**Task directions**. What you return must match the listing exactly, with every image removed.

**Information shown**.
—————
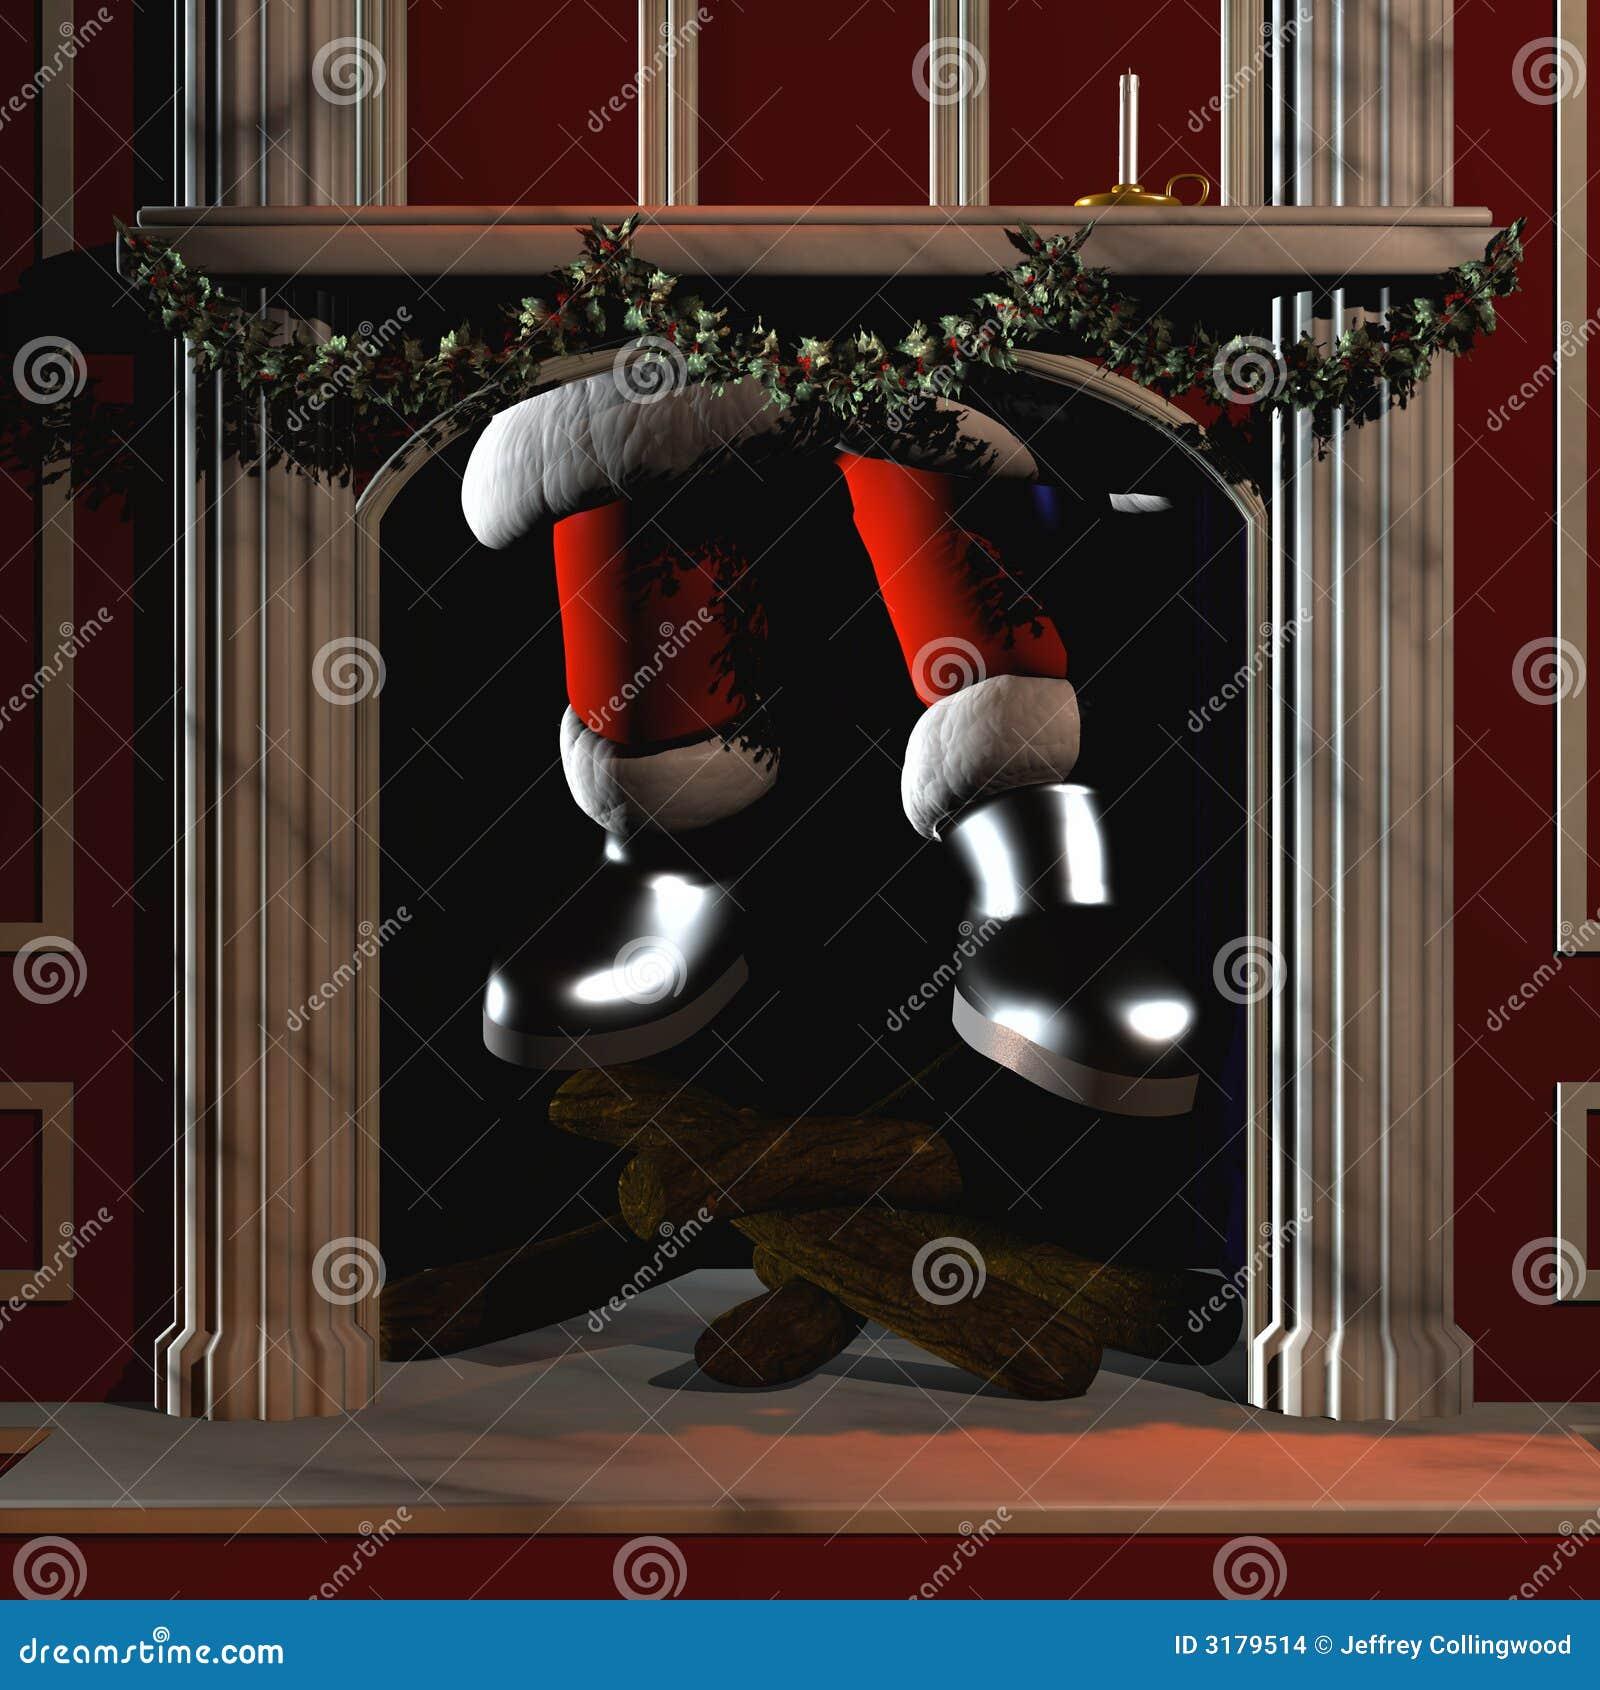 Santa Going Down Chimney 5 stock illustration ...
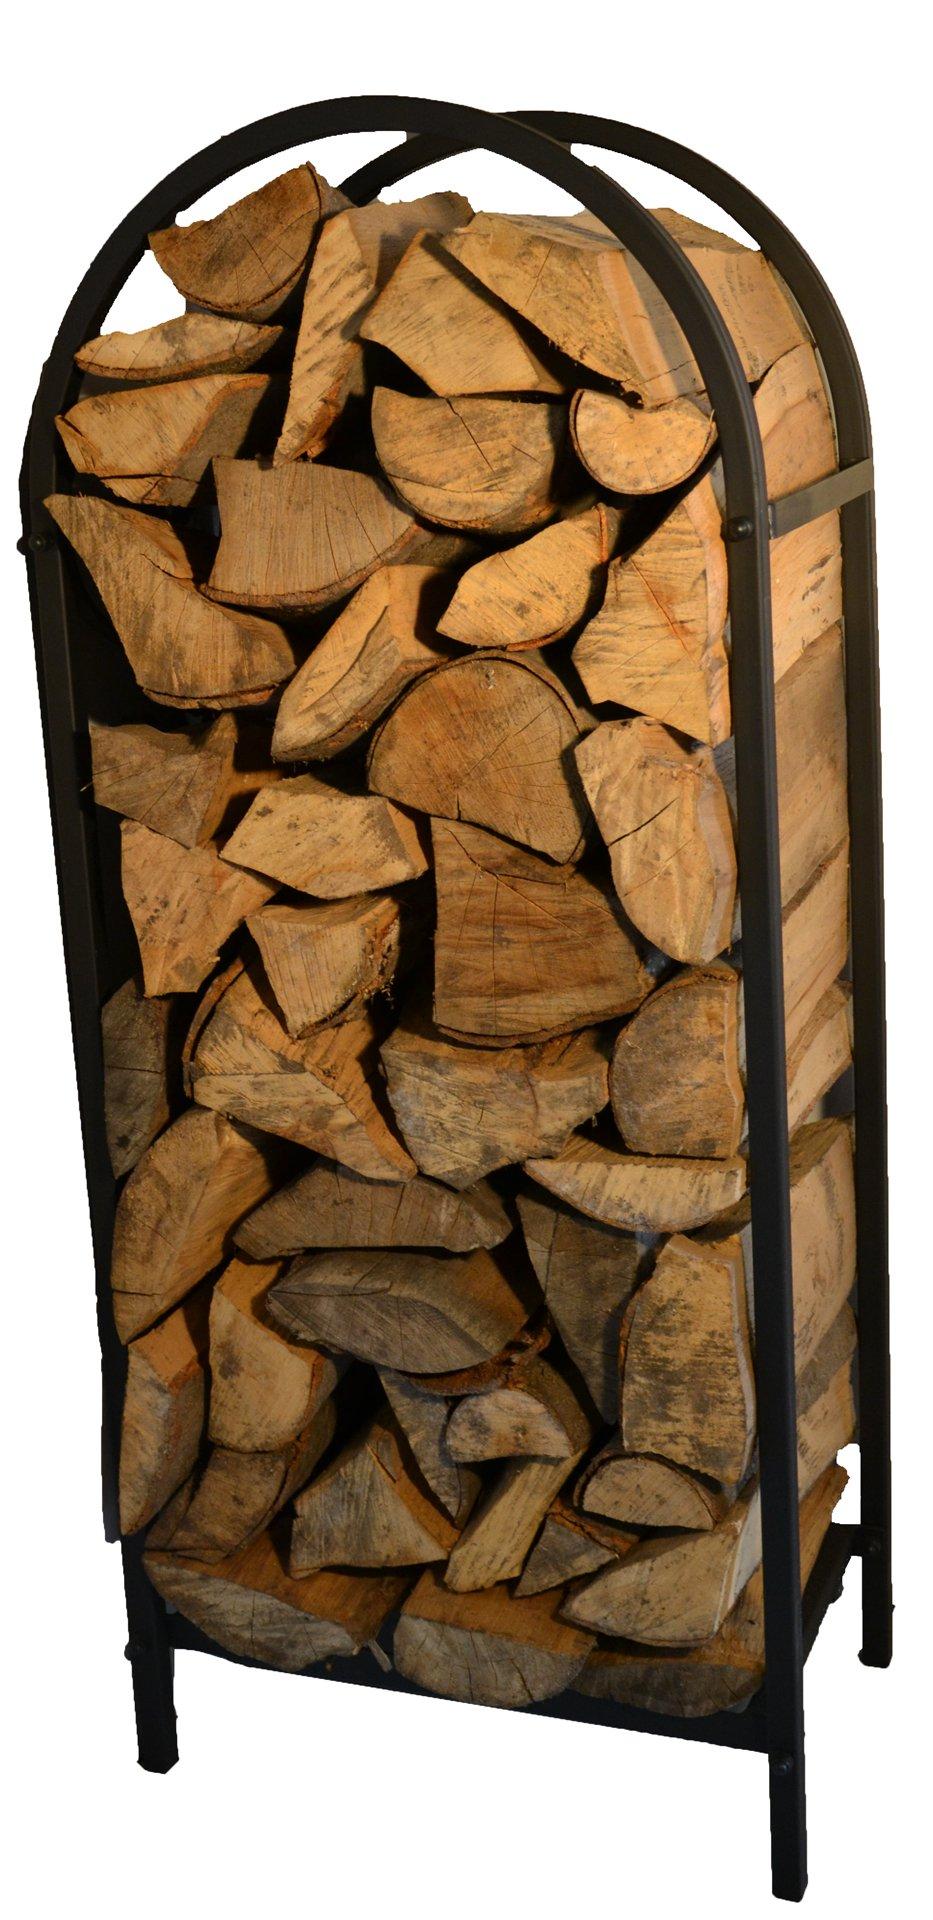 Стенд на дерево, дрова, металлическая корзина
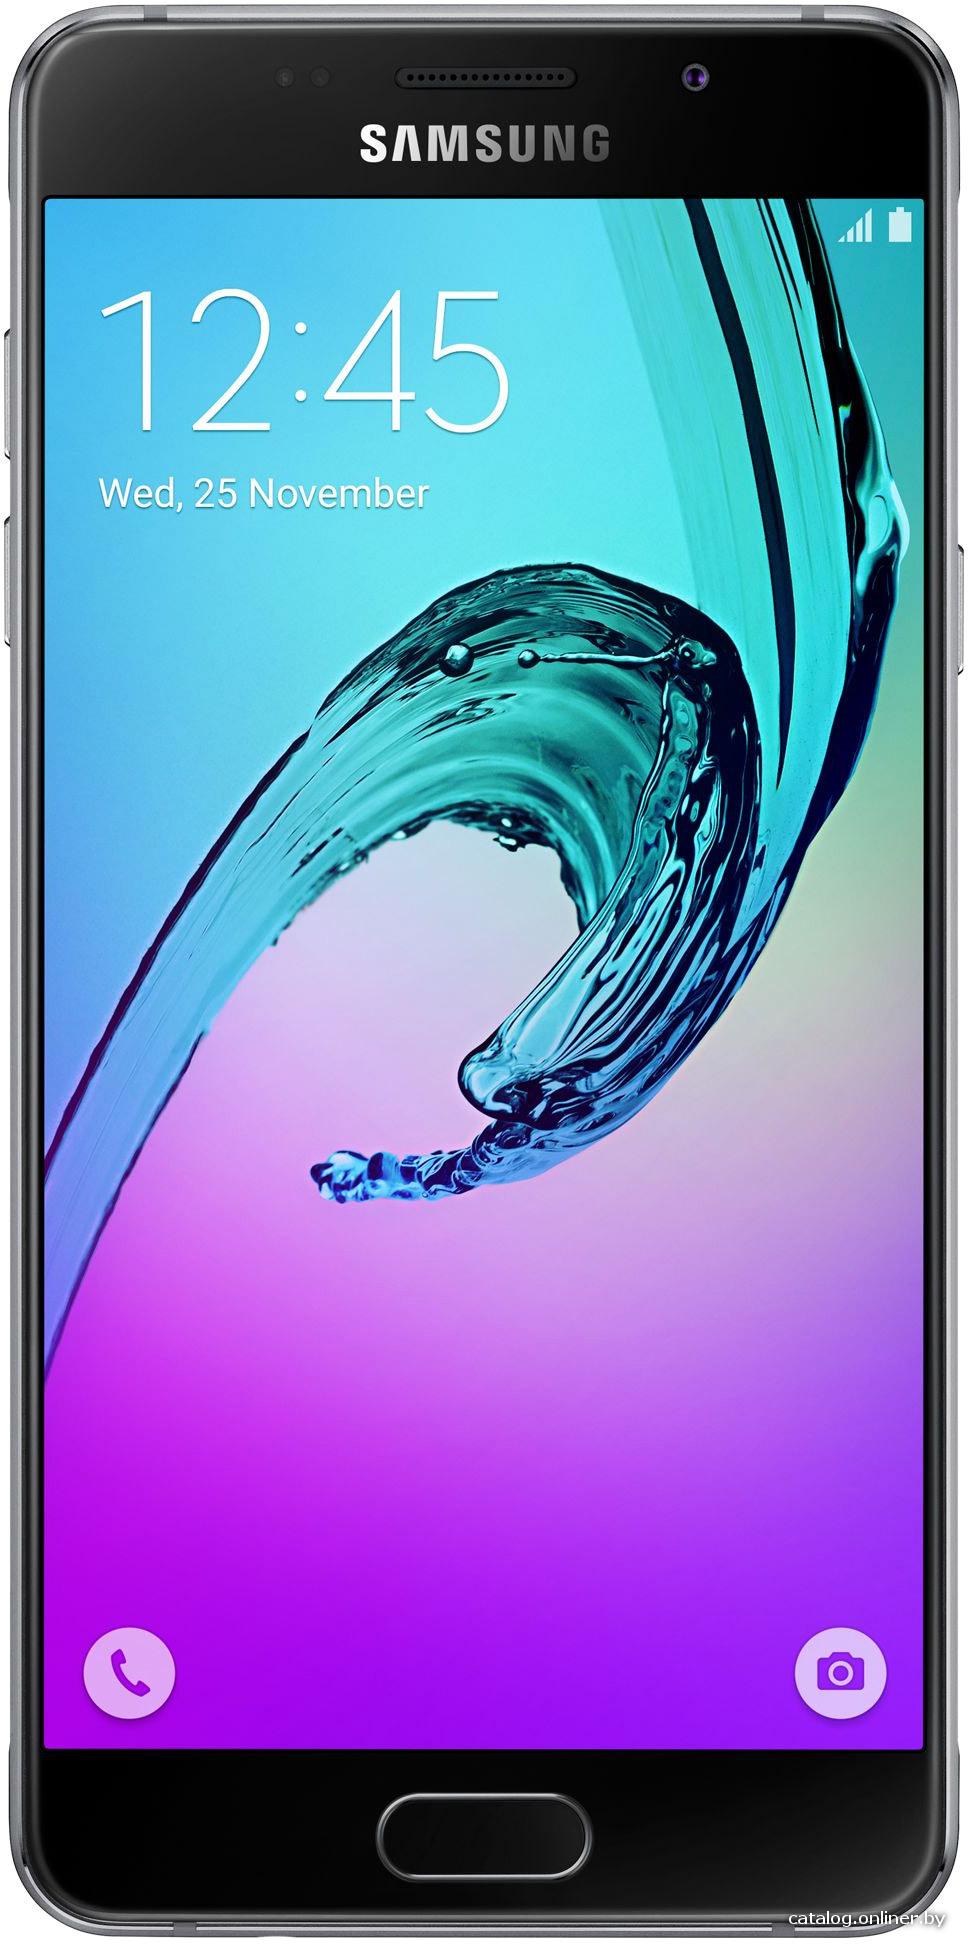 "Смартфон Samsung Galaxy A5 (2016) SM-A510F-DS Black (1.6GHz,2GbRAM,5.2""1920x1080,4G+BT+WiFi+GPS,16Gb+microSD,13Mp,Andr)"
—————
**Task answer**.
 Santa Going Down Chimney 5 stock illustration ...
 Стенд на дерево, дрова, металлическая корзина
 "Смартфон Samsung Galaxy A5 (2016) SM-A510F-DS Black (1.6GHz,2GbRAM,5.2""1920x1080,4G+BT+WiFi+GPS,16Gb+microSD,13Mp,Andr)"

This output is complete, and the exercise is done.